Use the netsh trace command to capture communication activities between the user terminal and the NES server, while performing the action that fails.
- On the NES server, open up a command prompt as administrator, and then type netsh trace start capture=yes tracefile=.\capture_server.etl scenario=internetserver
- On the user terminal, open up a command prompt as administrator, and then type netsh trace start capture=yes tracefile=.\capture_client.etl scenario=internetclient
- Delete all the files in the C:\Windows\System32\config\systemprofile\AppData\Roaming\Nymi\NSL\randomstring\ksp directory
Perform the action to trigger the certificate retrieval.
- If a user terminal the Evidian EAM Client software cannot retrieve certificates, restart the Enterprise Access Management Security Services service.
- If the enrollment terminal cannot retrieve the certificates, log into the Nymi Band Application.
Wait about a minute and then from the command prompt on both the user terminal
and the NES server, type netsh trace
The netsh command records the command line output into the filename that you specified with the tracefile option in the current directory.

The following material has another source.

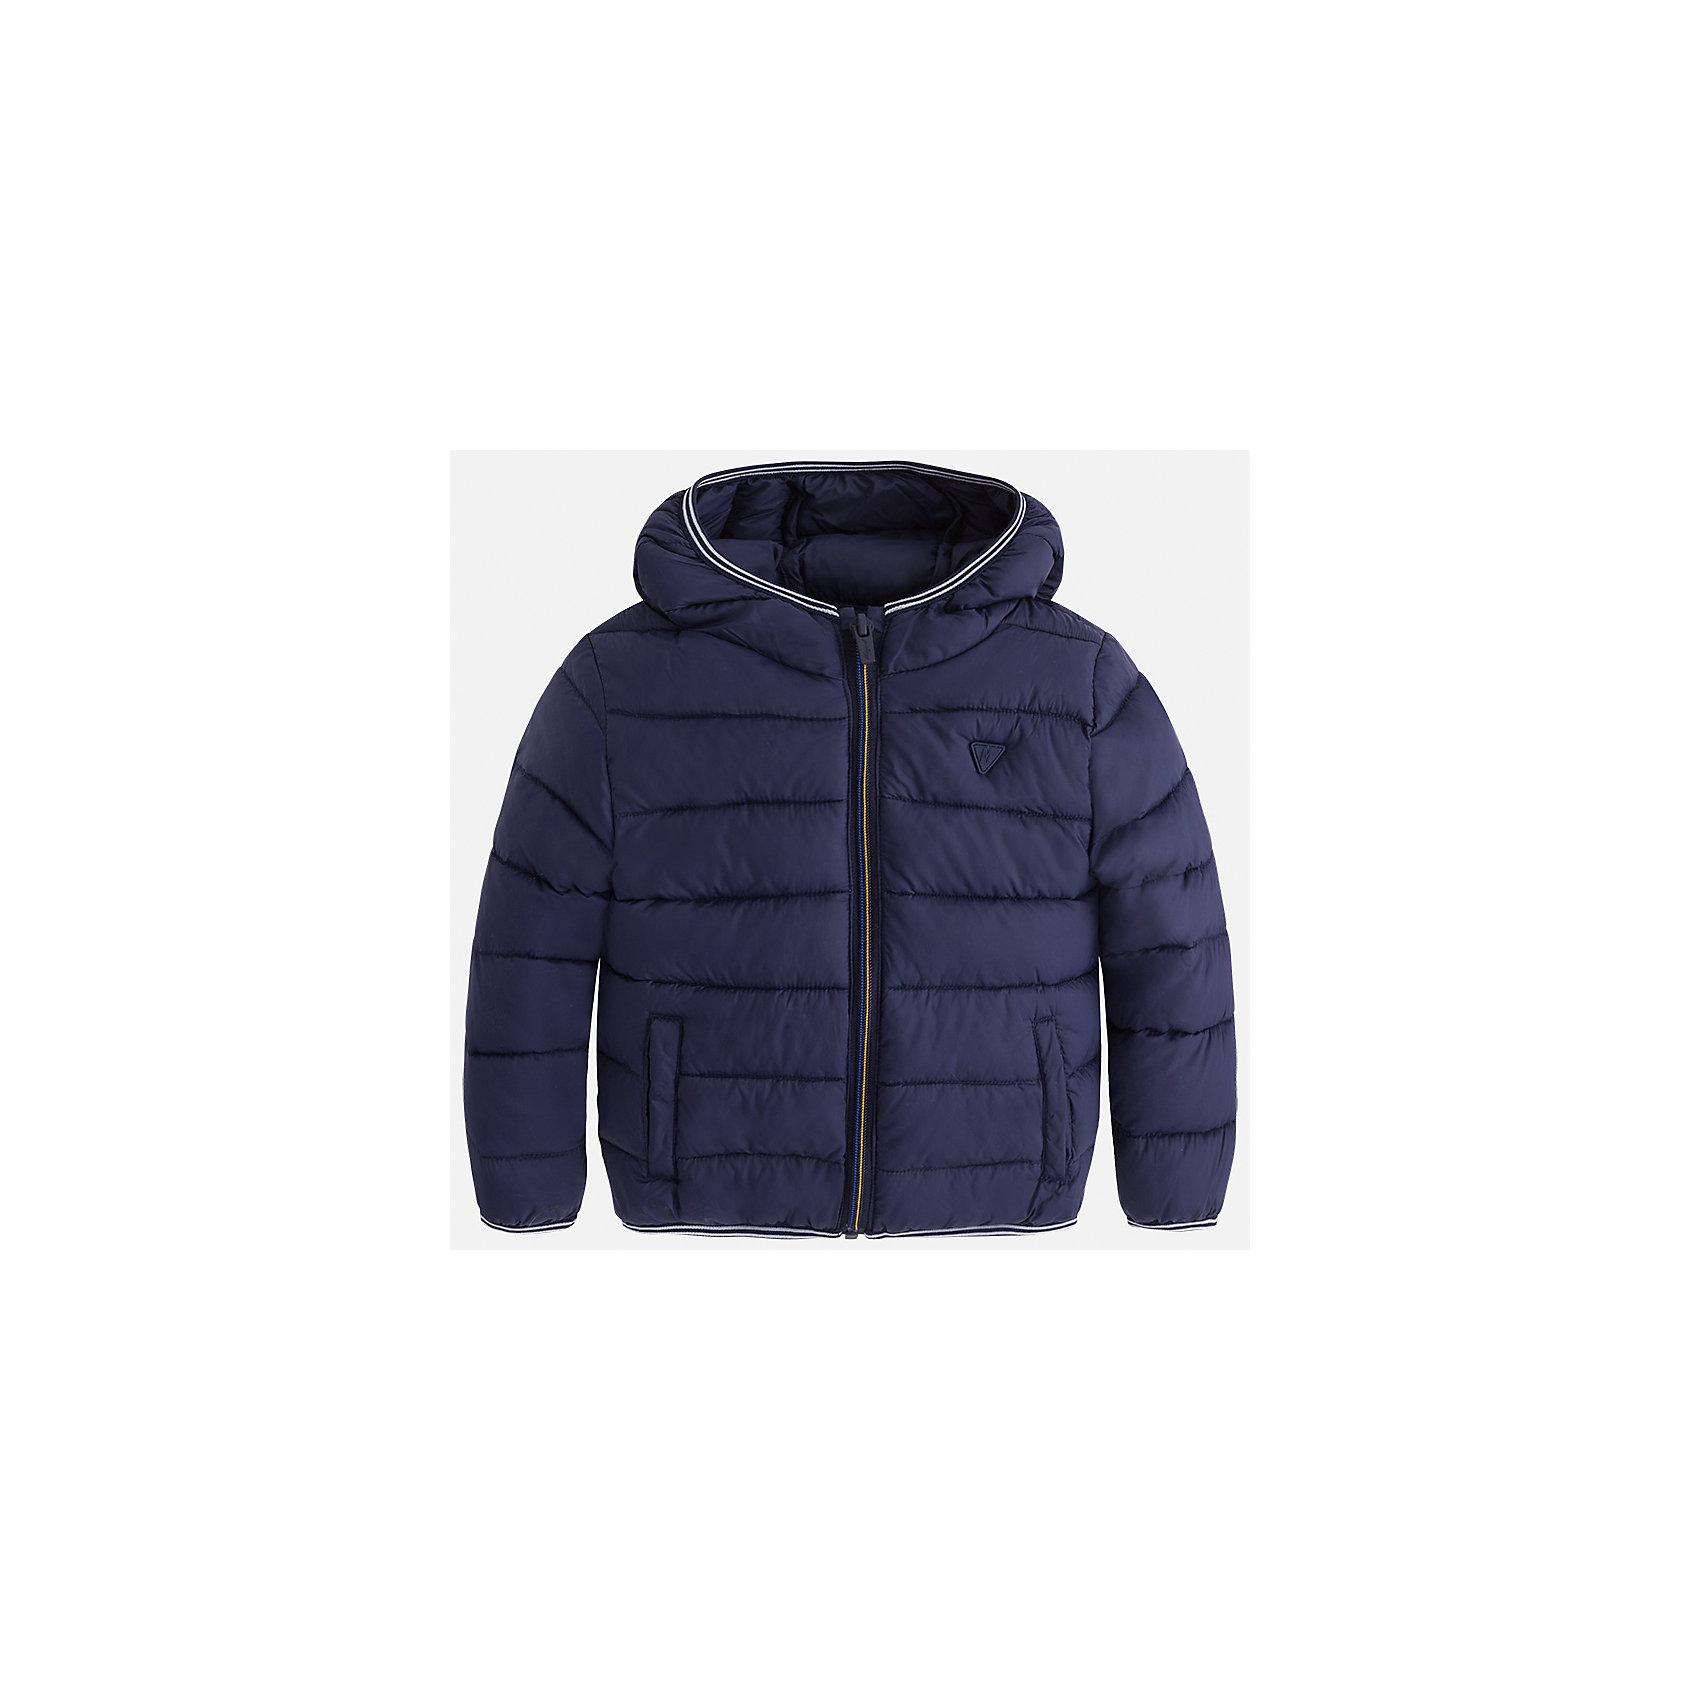 Куртка для мальчика MayoralВерхняя одежда<br>Характеристики товара:<br><br>• цвет: синий<br>• состав ткани: 100% полиамид<br>• подкладка: 100% полиамид<br>• утеплитель: 100% полиэстер<br>• сезон: демисезон<br>• температурный режим: от -10 до +10<br>• особенности модели: с капюшоном, сумка в комплекте<br>• капюшон: несъемный<br>• застежка: молния<br>• страна бренда: Испания<br>• страна изготовитель: Индия<br><br>Демисезонная детская куртка подойдет для переменной погоды. Отличный способ обеспечить ребенку тепло и комфорт - надеть теплую куртку от Mayoral. Детская куртка сшита из приятного на ощупь материала. Куртка для мальчика Mayoral дополнена теплой подкладкой.<br><br>Куртку для мальчика Mayoral (Майорал) можно купить в нашем интернет-магазине.<br><br>Ширина мм: 356<br>Глубина мм: 10<br>Высота мм: 245<br>Вес г: 519<br>Цвет: синий<br>Возраст от месяцев: 96<br>Возраст до месяцев: 108<br>Пол: Мужской<br>Возраст: Детский<br>Размер: 134,104,110,116,122,128<br>SKU: 6934841

Optional, to convert the output file to a text file, type the following command netsh trace convert input=filename.etl
The command creates a text file with the same name as the .etl file in the current directory.
- For ease of analysis, retrieve .etl file from the machine and use the etl2pcapng tool to convert the file into to a .pcapng file.
- Use an application such as WireShark to analyze the output to determine the communication path between components.